Depuis le début du mois de juin, le canal Saint-Martin à Paris est le théâtre d’une série d’incivilités filmées et diffusées sur les réseaux sociaux par un adolescent de 14 ans, connu sous le pseudonyme de «La Douane». Selon Le Figaro, cet élève de collège défavorablement connu des services de police multiplie les provocations, filmées à l’aide d’un pistolet à eau, depuis les 10e et 11e arrondissements de la capitale.
Ces séquences, devenues virales auprès des riverains, ont transformé cette zone emblématique de Paris en un véritable feuilleton estival. Entre plongeons calculés, arrosages de policiers et échappées spectaculaires, Hamza F. a réussi à capter l’attention des médias locaux, au point de devenir l’une des figures inattendues de l’été parisien.
Ce qu'il faut retenir
- Un adolescent de 14 ans, surnommé «La Douane», multiplie les incivilités depuis mi-juin autour du canal Saint-Martin, dans les 10e et 11e arrondissements de Paris.
- Ses actions, filmées et diffusées sur Snapchat, incluent des plongeons dans le canal, des arrosages de policiers avec un pistolet à eau et des échappées après des interpellations.
- Le 25 juin, il a notamment traversé le canal à la nage sous les yeux de policiers, après avoir retardé son interpellation en les faisant patienter.
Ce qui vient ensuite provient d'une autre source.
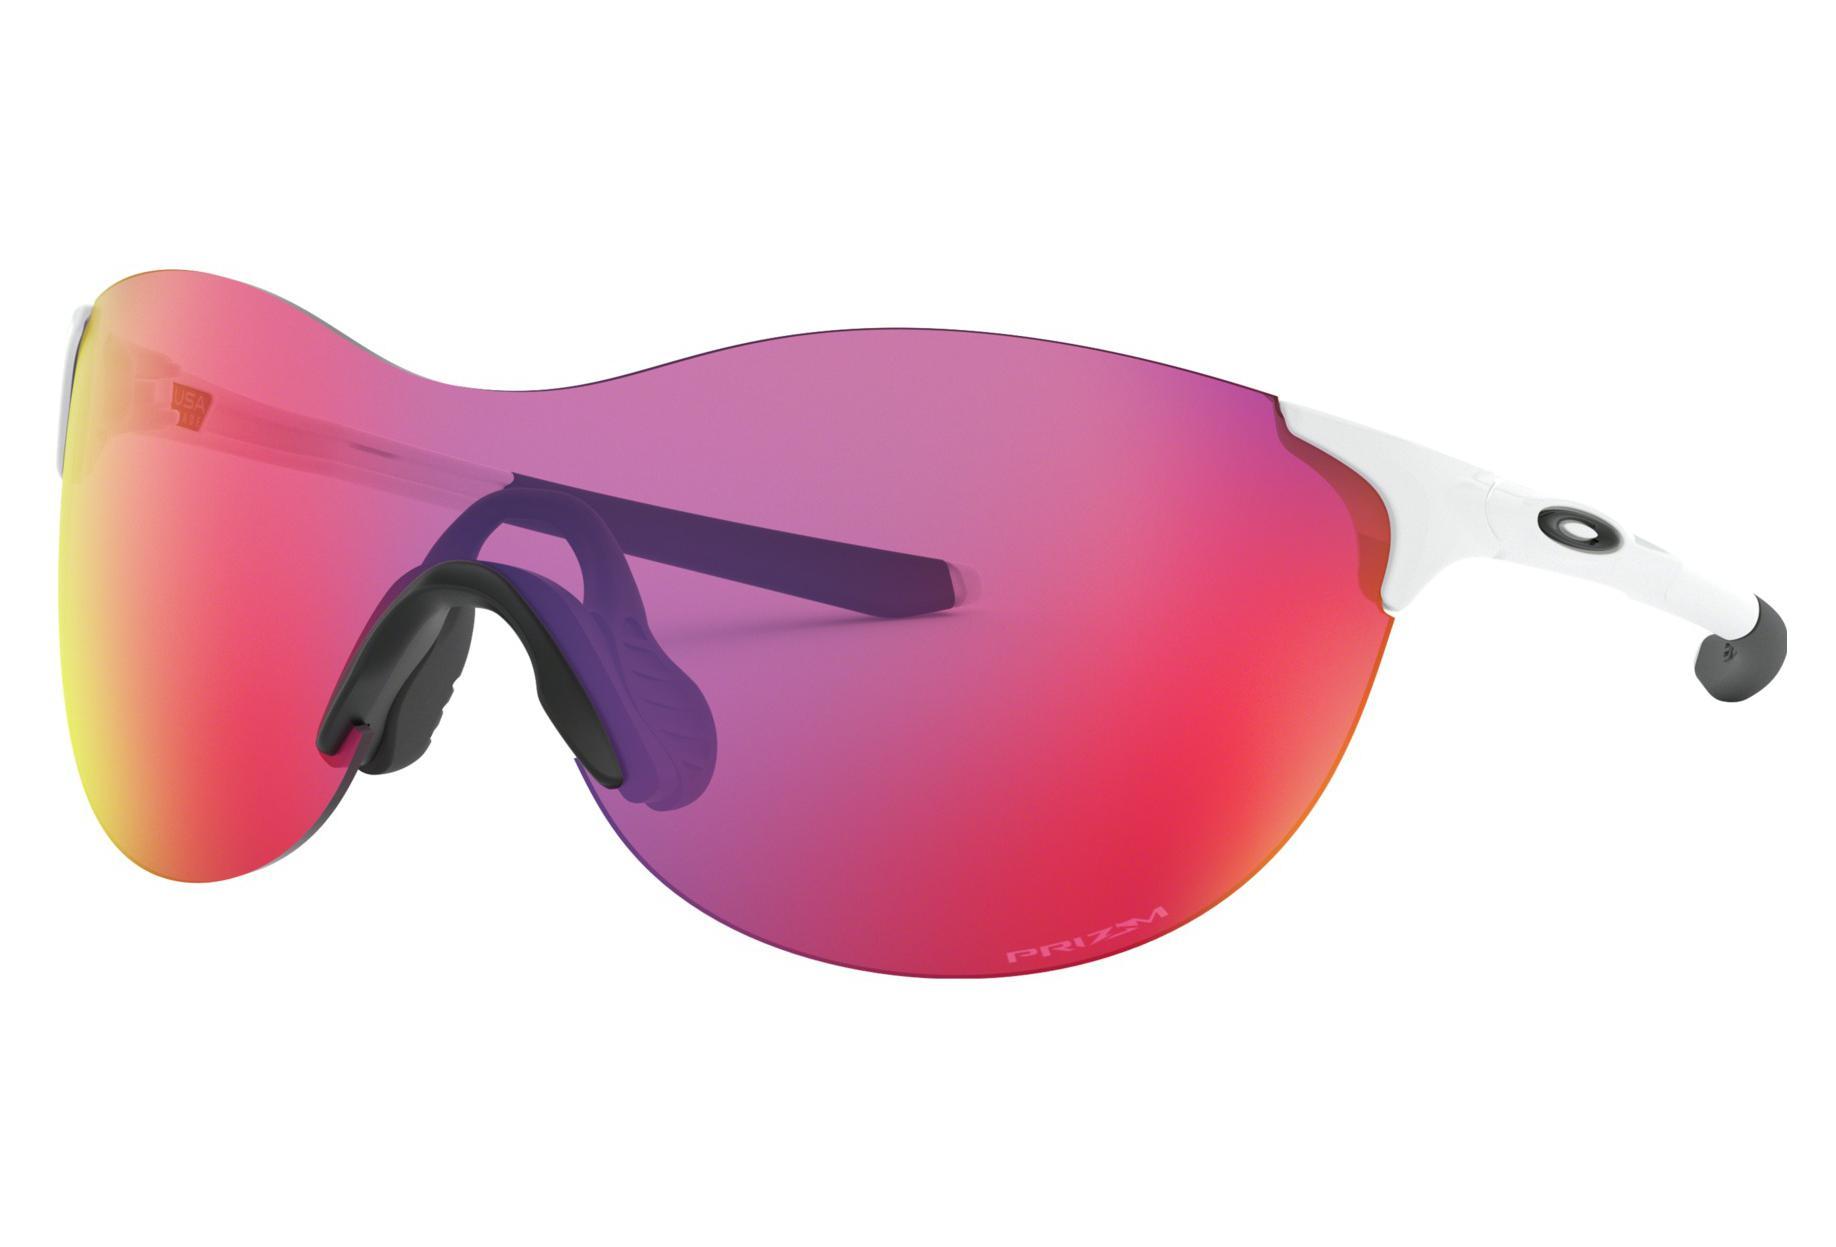 venta minorista c9125 5257e Oakley Sunglasses / EVZero Ascend / White / Prizm Road / OO9453-0237

Des provocations filmées et diffusées en direct
Depuis plusieurs semaines, les abords du canal Saint-Martin sont le théâtre d’une série de provocations orchestrées par Hamza F. Le Figaro précise que ces scènes, souvent filmées par des témoins, sont ensuite relayées sur les réseaux sociaux. L’adolescent, dont la notoriété locale n’a cessé de grandir, utilise notamment Snapchat pour partager ses exploits.
Parmi ses faits les plus marquants figure une séquence survenue le 25 juin. Alors que les forces de l’ordre tentaient de l’interpeller au bord du canal, Hamza F. a d’abord accepté de sortir de l’eau après avoir fait patienter les policiers. Une fois installé dans le véhicule de patrouille, il en a profité pour ouvrir la portière arrière et s’échapper en sautant à nouveau dans l’eau. Filmé par des riverains, il a traversé le canal à la nage, tandis que les agents l’attendaient de l’autre côté du plan d’eau.
Des policiers arrosés et des passages sous contrôle
Les provocations de Hamza F. ne s’arrêtent pas là. D’après Le Figaro, il s’est également amusé à arroser des policiers municipaux avec son pistolet à eau, alors que ces derniers lui interdisaient l’accès à l’un des ponts du canal Saint-Martin. Ces incidents, répétés à plusieurs reprises, ont contribué à créer une atmosphère de tension dans le quartier, où les riverains et les forces de l’ordre doivent désormais composer avec cette figure unpredictable.
Côté riverains, certains estiment que ces provocations, bien que mineures, finissent par nuire à l’image du quartier. D’autres, en revanche, voient dans cette médiatisation une forme de résistance face aux autorités. Quoi qu’il en soit, la présence constante de Hamza F. aux abords du canal Saint-Martin est devenue un sujet de discussion récurrent parmi les habitants et les commerçants locaux.
Une garde à vue « climatisée » et des accusations de racisme
Lors de son interpellation, Hamza F. aurait profité de son passage en garde à vue pour se plaindre des conditions de détention, évoquant notamment la climatisation du commissariat. Le Figaro rapporte qu’il aurait également crié au « racisme » lors de son interpellation, une accusation qu’il a réitérée à plusieurs reprises.
Ces déclarations, bien que contestées par les autorités, ont alimenté les débats sur les relations entre les jeunes des quartiers défavorisés et les forces de l’ordre. Pour l’instant, aucune plainte officielle pour racisme n’a été déposée, mais cette affaire a relancé les discussions sur les tensions existantes entre les jeunes et la police dans certains quartiers parisiens.
En attendant, le canal Saint-Martin reste sous haute surveillance, tant par les forces de l’ordre que par les riverains, qui espèrent retrouver une tranquillité retrouvée après plusieurs semaines de tensions.
Ce surnom lui a été attribué en référence à son comportement provocateur aux abords du canal Saint-Martin, une zone souvent associée à des contrôles ou à des passages « douaniers » symboliques, selon les explications données par des riverains et rapportées par Le Figaro.